Un nuevo trueno mucho más firme y más cercano cortó la conversación. La mujer se sobrepuso y siguió con lo quería decir.
-No sé si lo hago por eso. - Aclaró La Vieja. -En una de esas se debe a la consideración que les tengo... aunque no los conozca. El barco se hunde y yo estoy en la proa, pero tengo presente que no viajo sola, que desde aquí hasta la popa hay una larga fila de gente que como yo, no merece ahogarse.
-¿No sería mejor buscar los botes salvavidas? - Preguntó María.
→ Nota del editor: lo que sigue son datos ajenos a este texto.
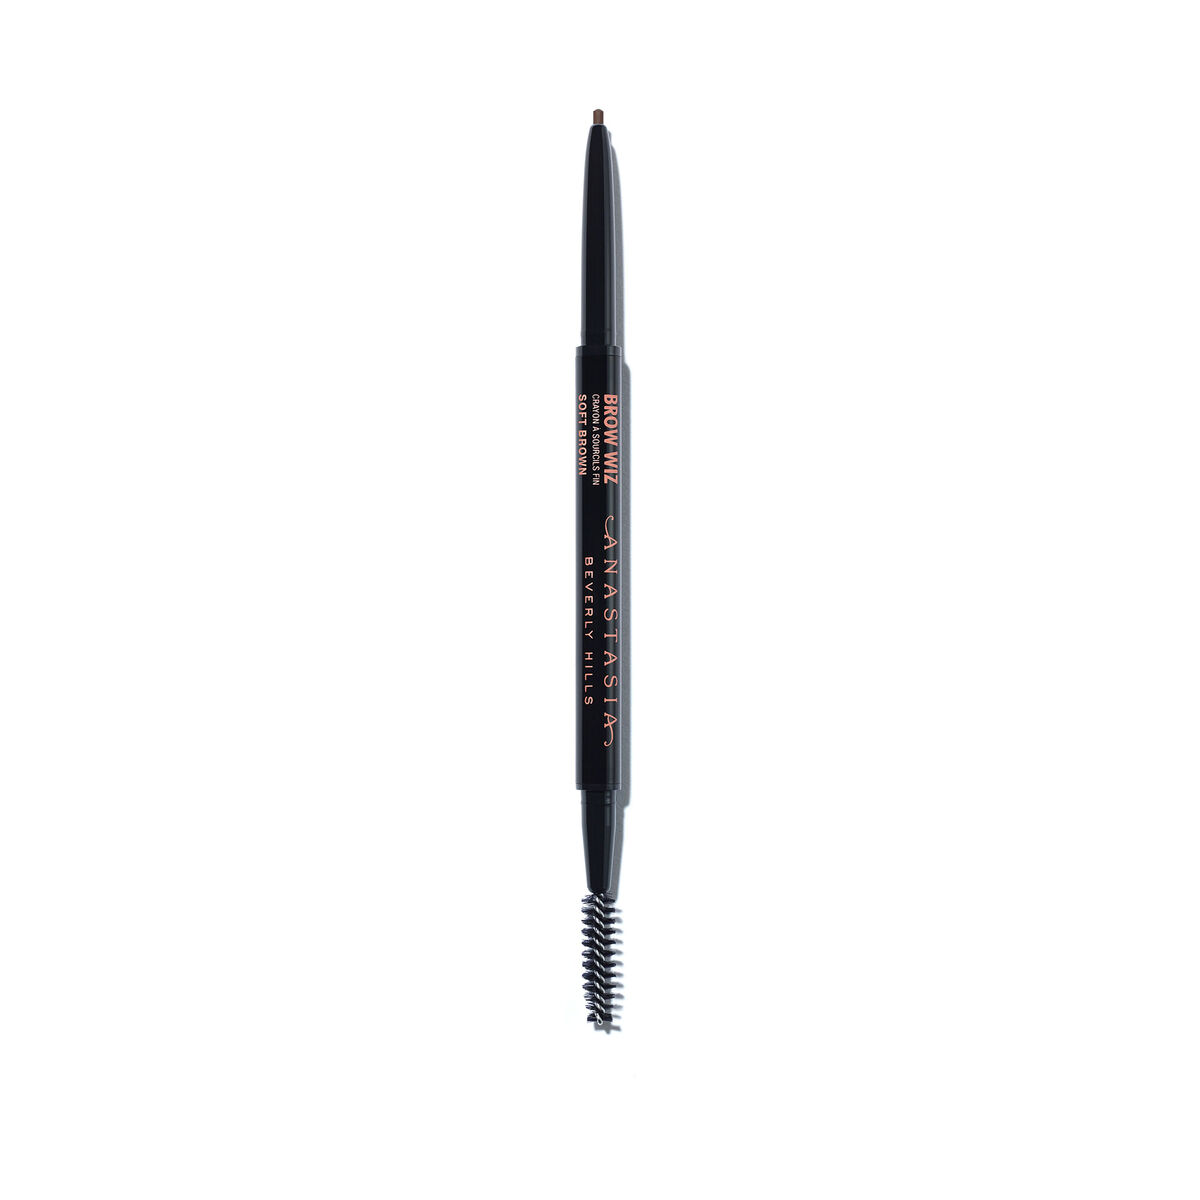 Picture of Anastasia Beverly Hills 340775 0.003 oz Anastasia Beverly Hills Brow Wiz Skinny Brow Pencil for Women, Soft Brown

-¡Sería inútil! Apuntó la anciana. Con ellos pasó lo mismo que con la moneda de oro de que hablaba Romualdo. Se los robaron a todos, uno por uno. Después los vendieron y vaya a saber por dónde andan.
-Seguro que es así. Sólo falta averiguar qué podemos hacer nosotros para recuperarlos. - Dijo María lánguidamente, sin mirar a nadie.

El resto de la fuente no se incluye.